Root — user-facing files

File	Purpose
params.m	Central configuration: scan geometry, timing, GE hardware constants, sampling method, output directory
main.m	Run all four sequences in order from a single entry point
gen_sampling_masks.m	Generate Ny × Nz × Nframes sampling mask given acceleration factor R
ArbEPI.m	Main 3D-EPI sequence function; takes sampling mask as input
EPIcal.m	Calibration sequence (mirrors ArbEPI, blips zeroed)
GRE.m	Gradient echo reference sequence for sensitivity maps
noise.m	Noise prescan for noise prewhitening
plot_epi.m	Visualization scripts (trajectories, sampling mask, PSF)

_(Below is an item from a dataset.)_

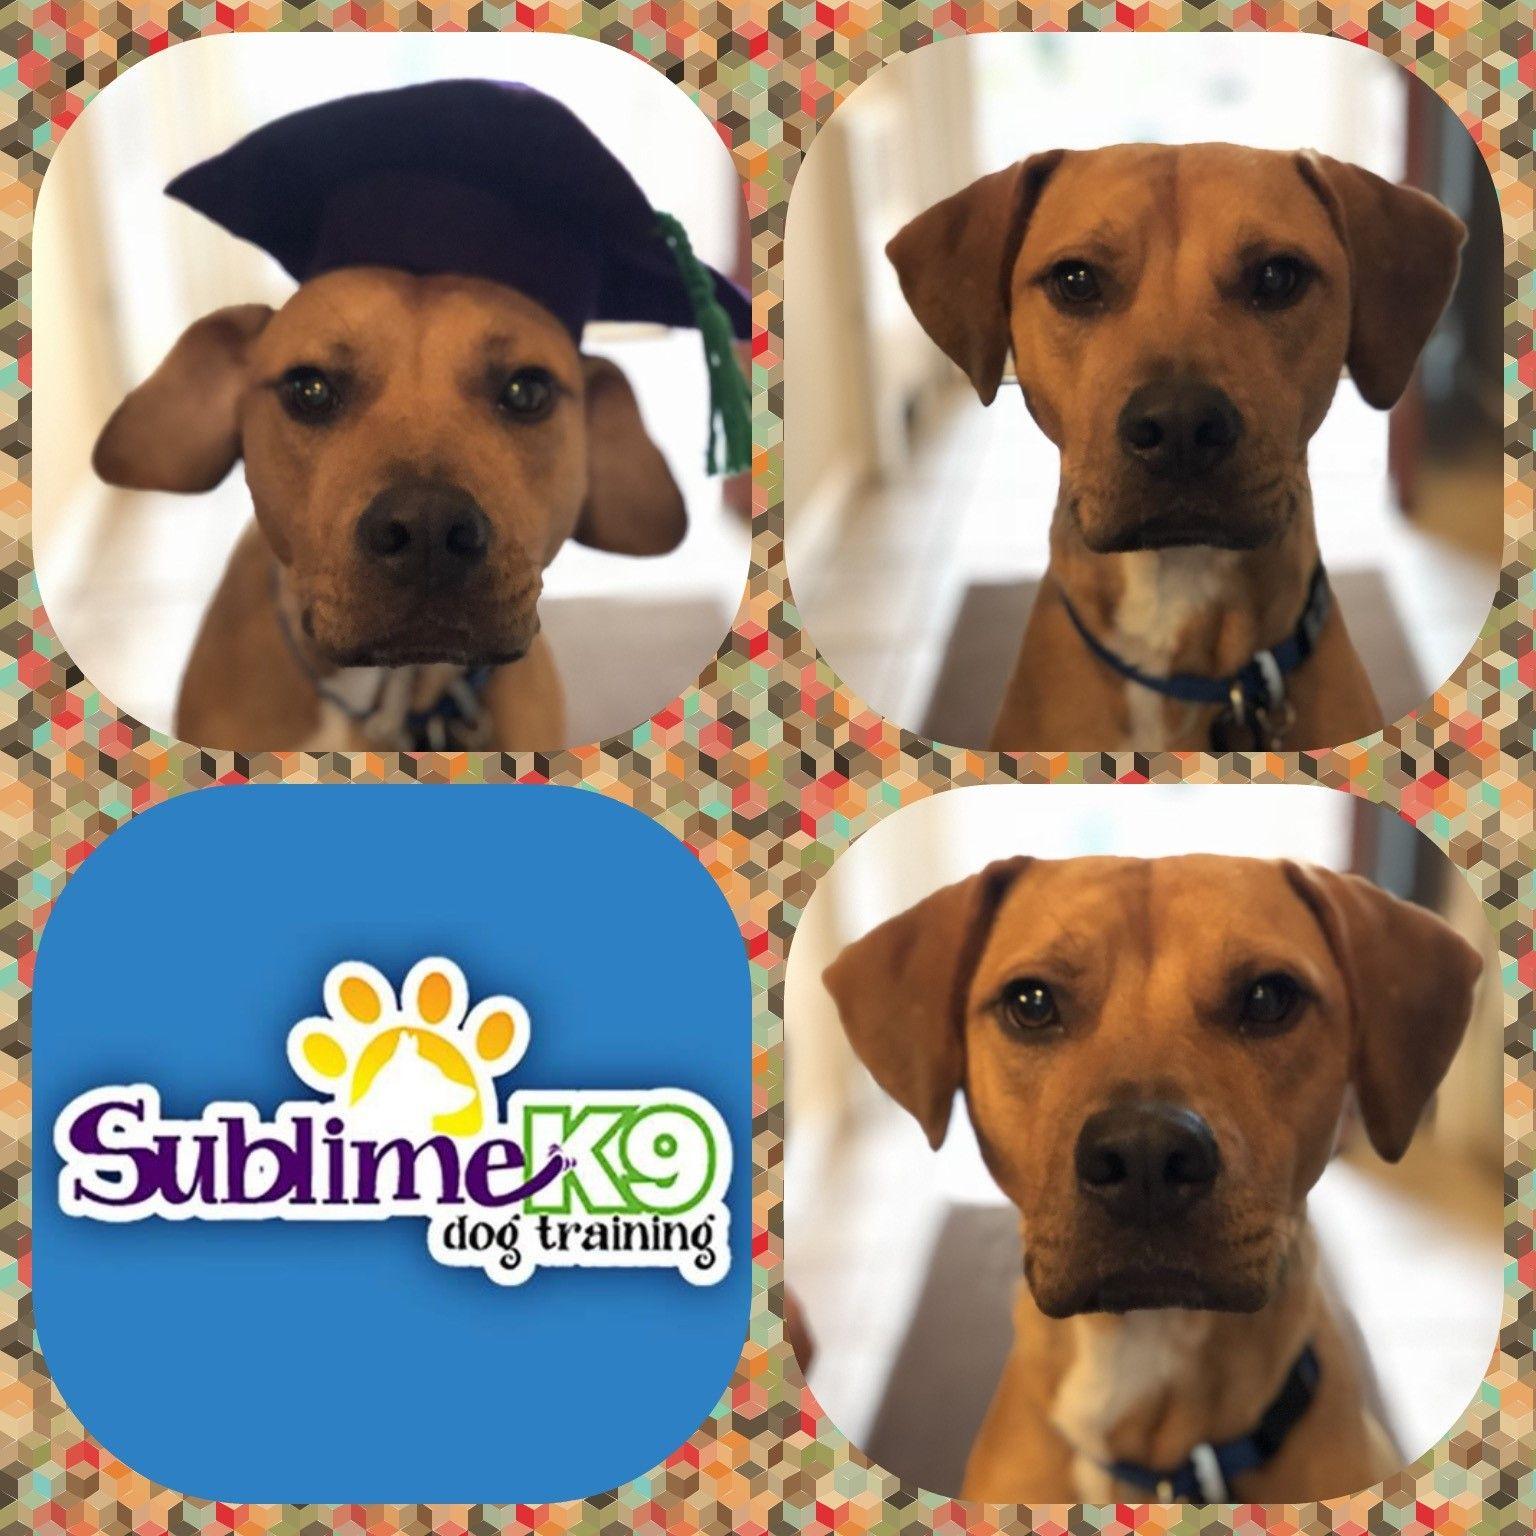 Long Island Dog Trainers Sublime K9 Dog Daycare Dogs Dog

lib/ — helper functions (called by the scripts above)

File	Purpose
mask2epi.m	Core algorithm: partition 2D mask into efficient EPI trajectories
caipi_sample.m	Regular CAIPI-shifted sampling masks
ticaipi_sample.m	Temporally-interleaved CAIPI masks (golden-angle frame rotation)
pd_sample.m	Variable-density Poisson-disc sampling masks [1]
rand_sample.m	Weighted random sampling masks
gen_gaussian_pdf.m	2D Gaussian probability density for use with rand_sample
make_fatsat_rf.m	Create fat-saturation RF pulse object
make_excitation_pulse.m	Create slab-selective sinc excitation pulse
make_readout_grads.m	Create EPI readout gradients, blips, and ADC event
make_prephasers.m	Create x/y/z prephaser trapezoids
make_spoilers.m	Create x/y/z spoiler trapezoids
calc_te_tr_delays.m	Compute TE and TR padding delays
plot_kt_mask.m	Interactive viewer for k-t sampling mask (ky, kz, time); scroll wheel, slider, or arrow keys to scrub through frames
write_to_ge.m	Convert Pulseq sequence to GE TOPPE format and write .pge
rf2pulseq.m	Convert RF waveform from Gauss to Hz
check_grad_acoustics.m	Check gradient waveforms for forbidden frequencies

output/ — generated .seq, .pge, and .mat files (gitignored)

Methods overview

1. The core logic is in mask2epi(), which accepts any 2D sampling mask of size (Ny, Nz) and partitions it into efficient 3D-EPI trajectories given the echo train length and number of shots.
2. Sampling mask generators:
   • caipi_sample() — uniformly spaced, CAIPI-shifted masks.
   • ticaipi_sample() — temporally-interleaved CAIPI; the CAIPI shift rotates each frame to improve temporal incoherence.
   • pd_sample() — variable-density Poisson-disc masks based on the SigPy implementation [1]. Density falloff, calibration region size, and corner cropping are configurable via params.m.
   • rand_sample() — random masks weighted by a 2D probability mass function (e.g. gen_gaussian_pdf()). Gaussian sigma is configurable via params.m.
   • All methods are dispatched through gen_sampling_masks(R) via the samplingMethod parameter in params.m.
3. Trajectory generation details:
   • Samples near ky = 0 are distributed evenly across the echo train (center-out ordering) so that the effective echo time is approximately constant across shots.
   • ky is non-decreasing within each echo train so that B0-induced distortion along the phase-encode direction stays coherent.
4. Pulseq implementation details:
   • All ky and kz blips share the same duration and are contained within their readout block, enabling efficient representation as scaled copies of a single waveform.
   • The readout trapezoid is circularly shifted (split and sign-flipped) so that blips fall within the block boundary.
5. Unsolved problems:
   • Acquisition speed is bottlenecked by large k-space jumps between EPI lines. Constraining jump size whilst preserving sampling incoherence is an ongoing research problem.

Notes

The "Arb" in the package name has two meanings:

1. The framework accepts arbitrary sampling masks as input.
2. The package was developed in Ann Arbor, Michigan.

References

1. Ong, F., & Lustig, M. (2019, May). SigPy: a python package for high performance iterative reconstruction. In Proceedings of the ISMRM 27th Annual Meeting, Montreal, Quebec, Canada (Vol. 4819, No. 5).